» **WHAT YOU HAVE TO DO**: Your answer should be an exact copy of all the entries, free of pictures.

[THE RECORDS — start]

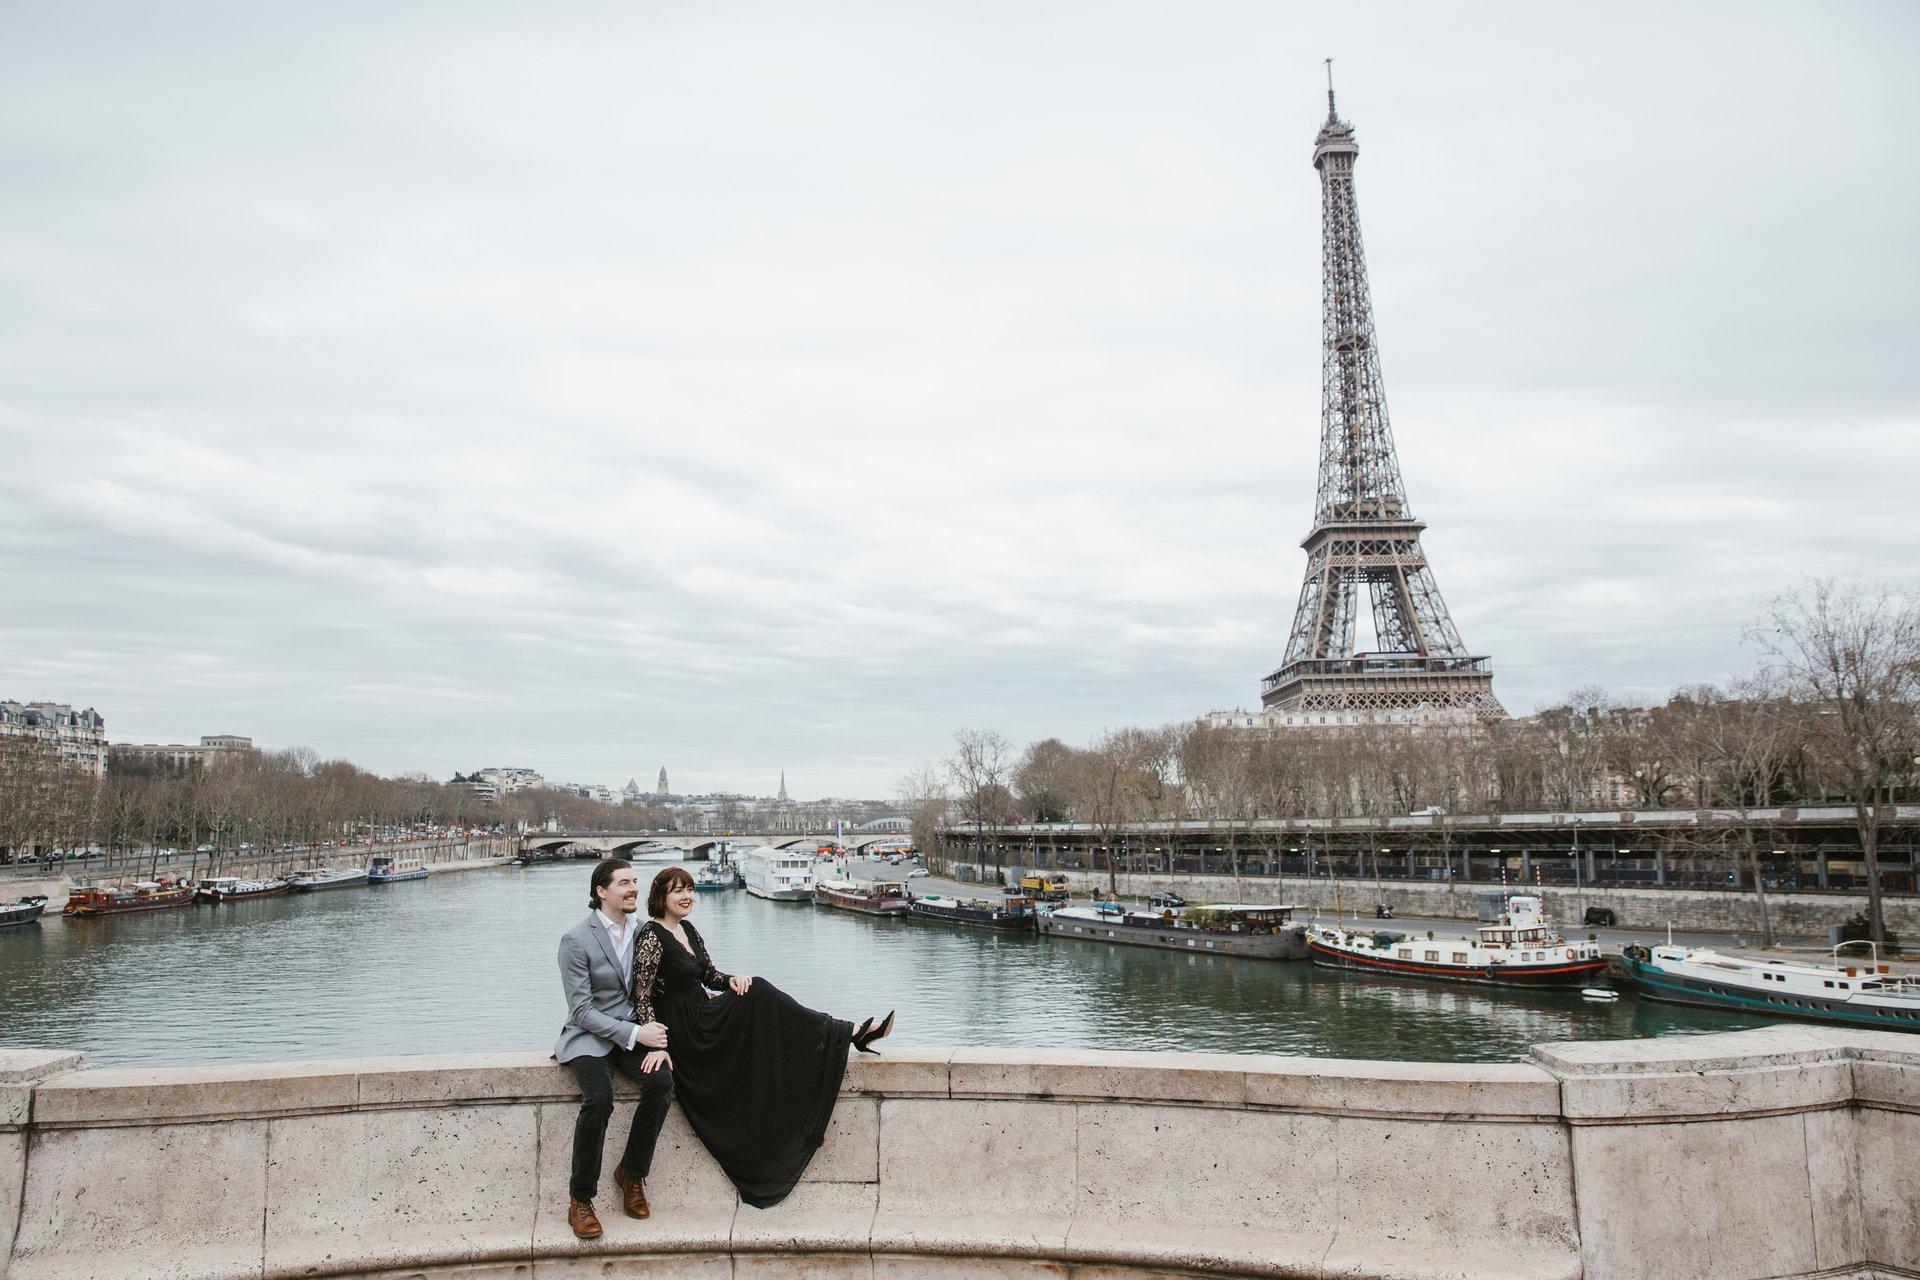 Flytographer Travel Story - Parisian Love Affair
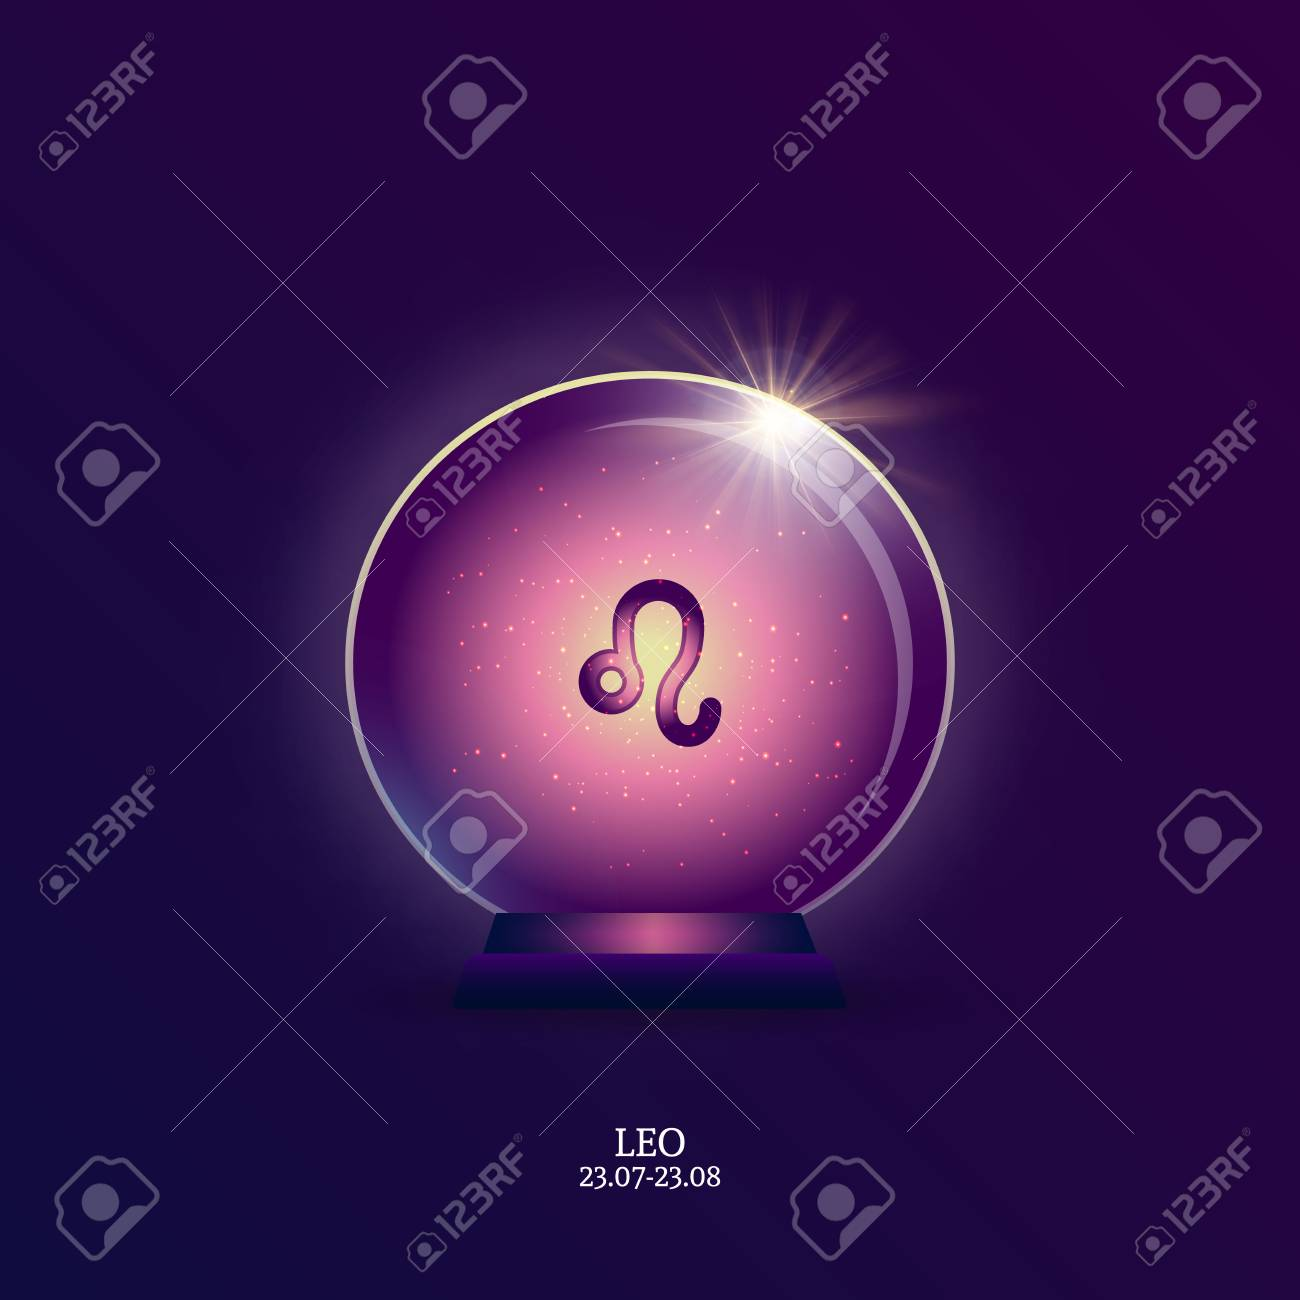 Leo  Horoscope sign  Zodiac Icon in magic ball
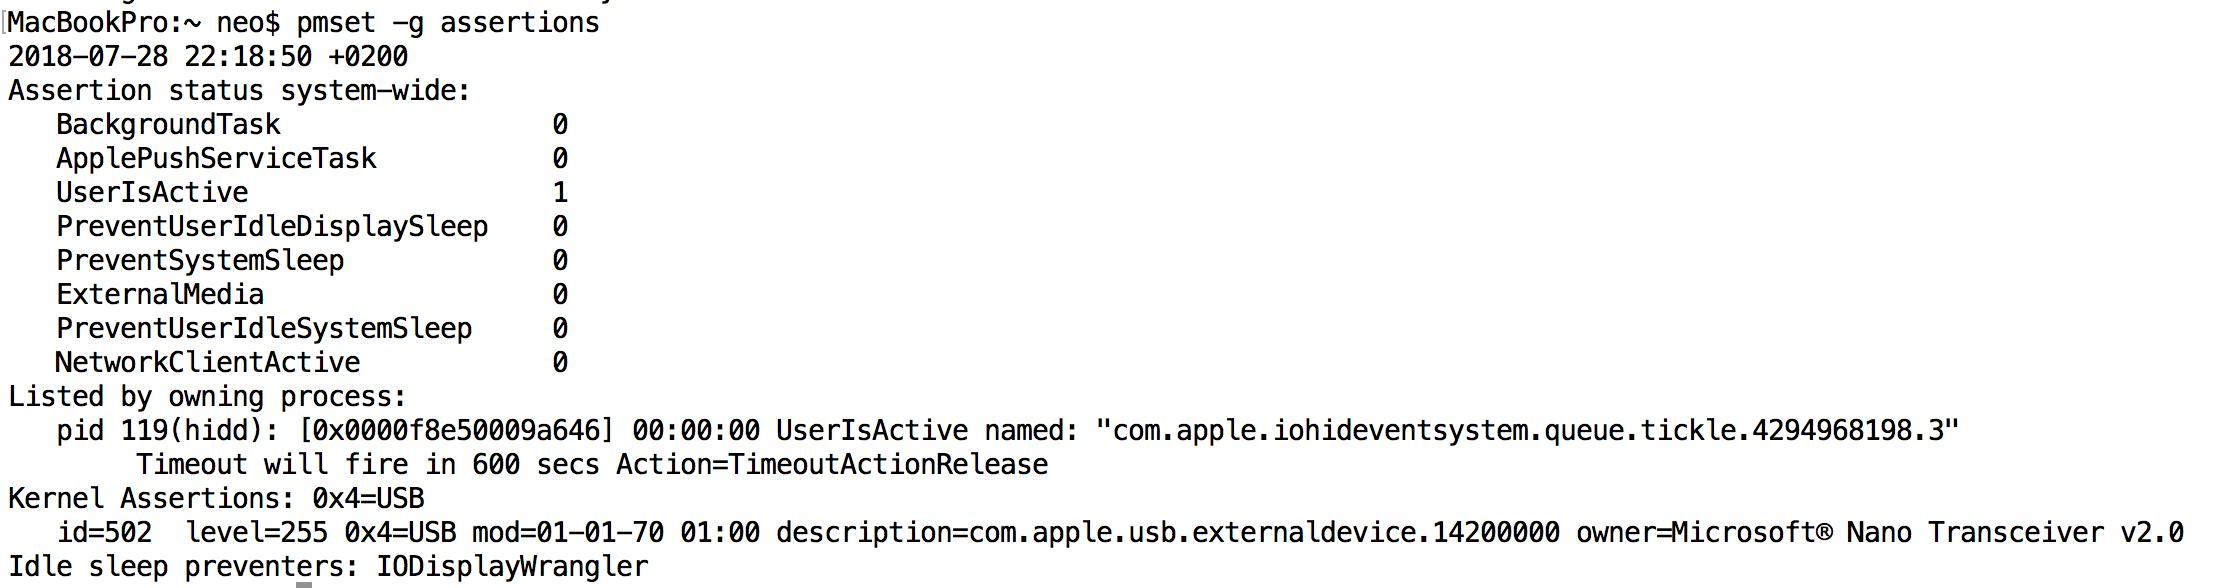 macbook pro 2013 dicht maar blijft aan en loopt leeg » One More Thing
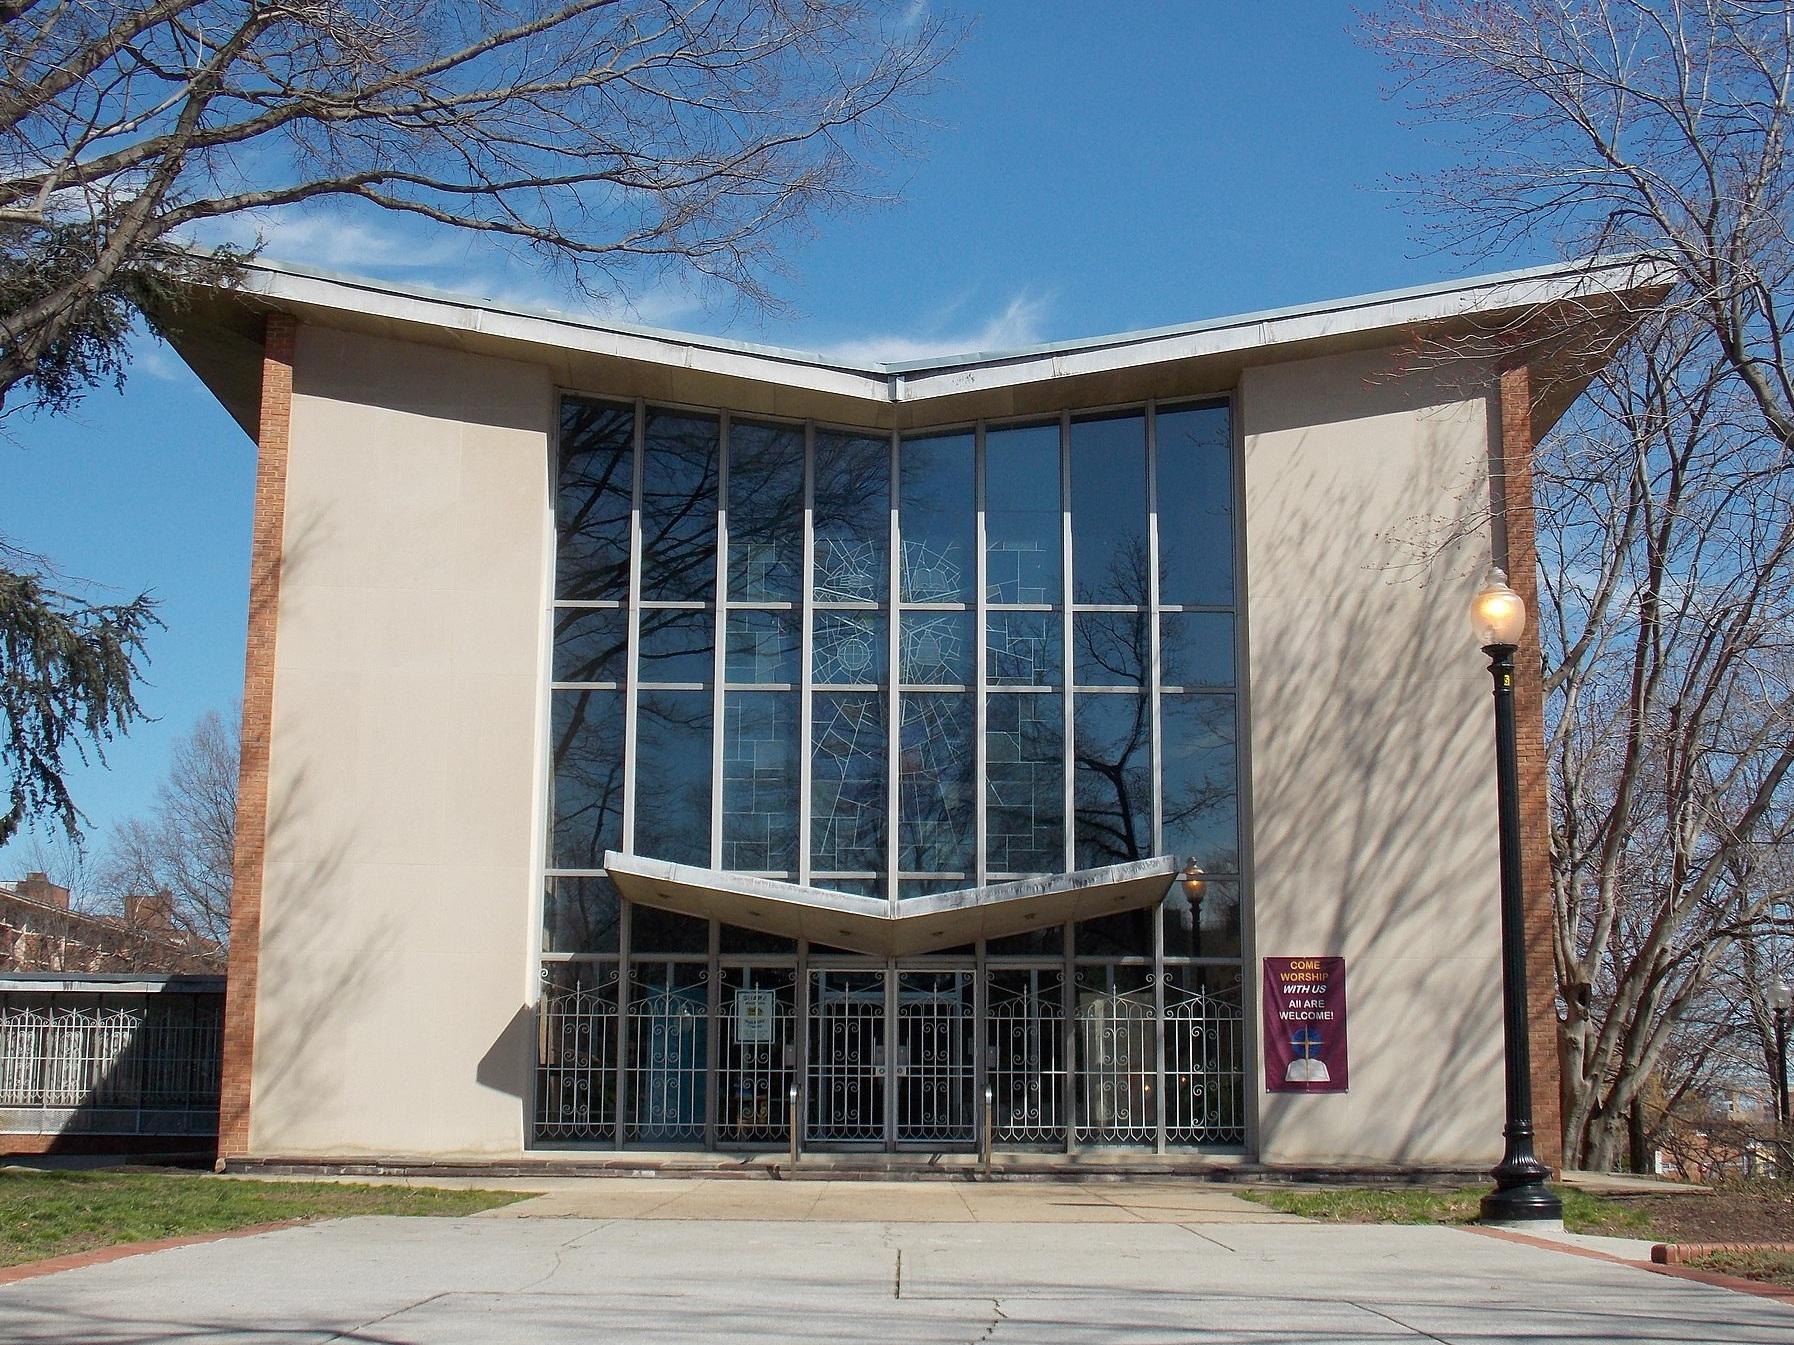 Christ UMC, District of Columbia. Photo credit: Creative Commons, Farragutful
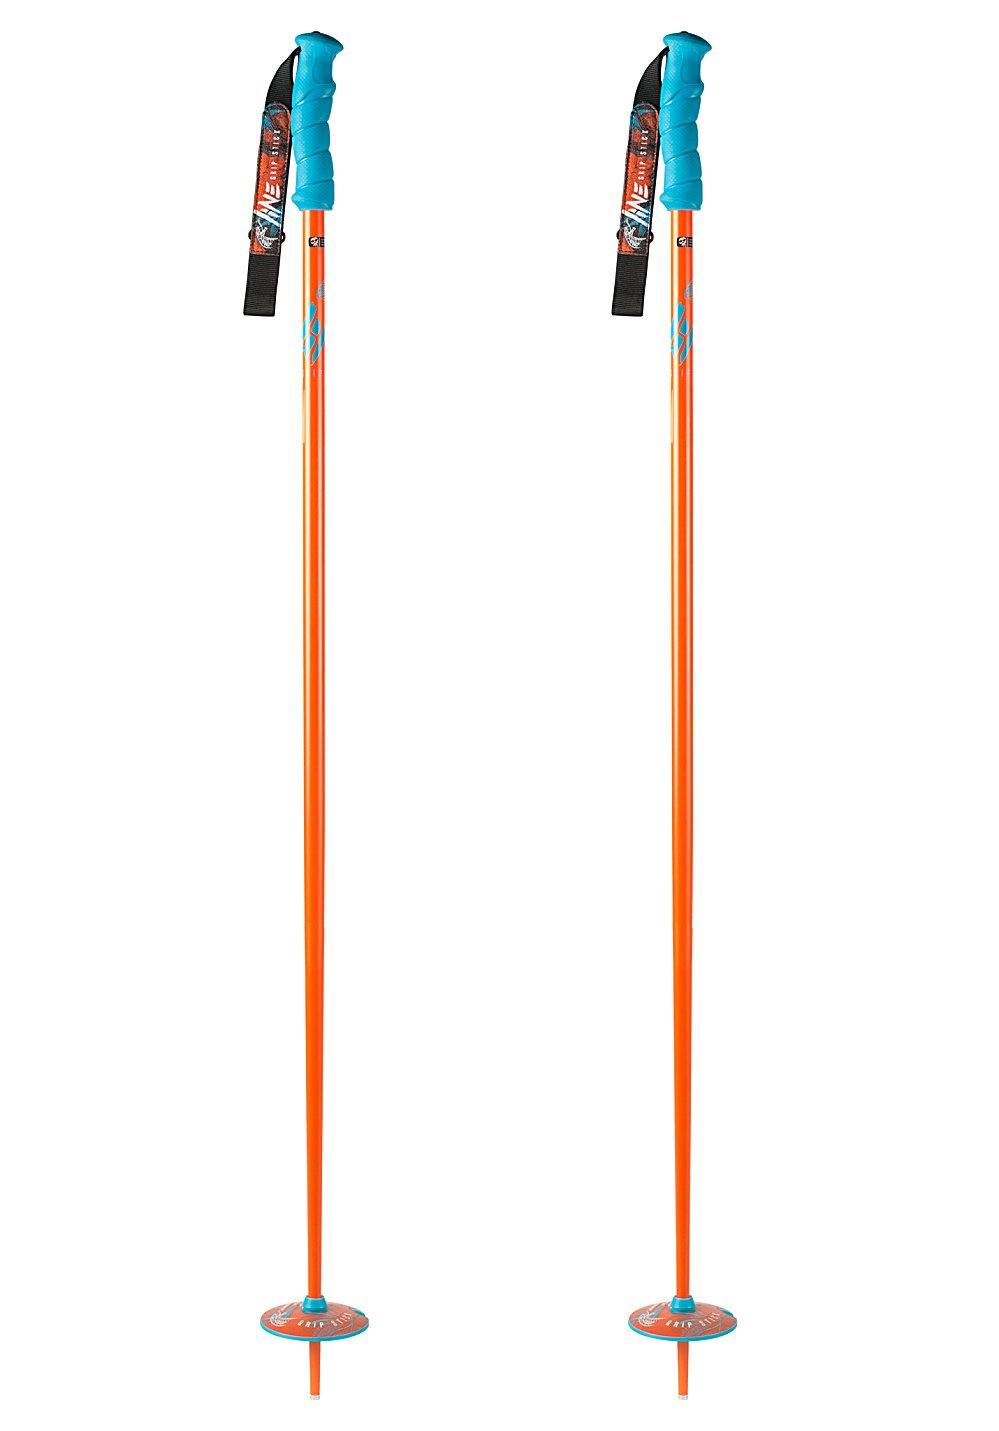 Line Grip Orange Orange Orange Pole 2017 Länge  105, 105 B01GEY0VIQ Stcke Moderne Technologie deee1e

[THE RECORDS — finish]

» **FINAL ANSWER**:
 Flytographer Travel Story - Parisian Love Affair
 Leo  Horoscope sign  Zodiac Icon in magic ball
 macbook pro 2013 dicht maar blijft aan en loopt leeg » One More Thing
 Christ UMC, District of Columbia. Photo credit: Creative Commons, Farragutful
 Line Grip Orange Orange Orange Pole 2017 Länge  105, 105 B01GEY0VIQ Stcke Moderne Technologie deee1e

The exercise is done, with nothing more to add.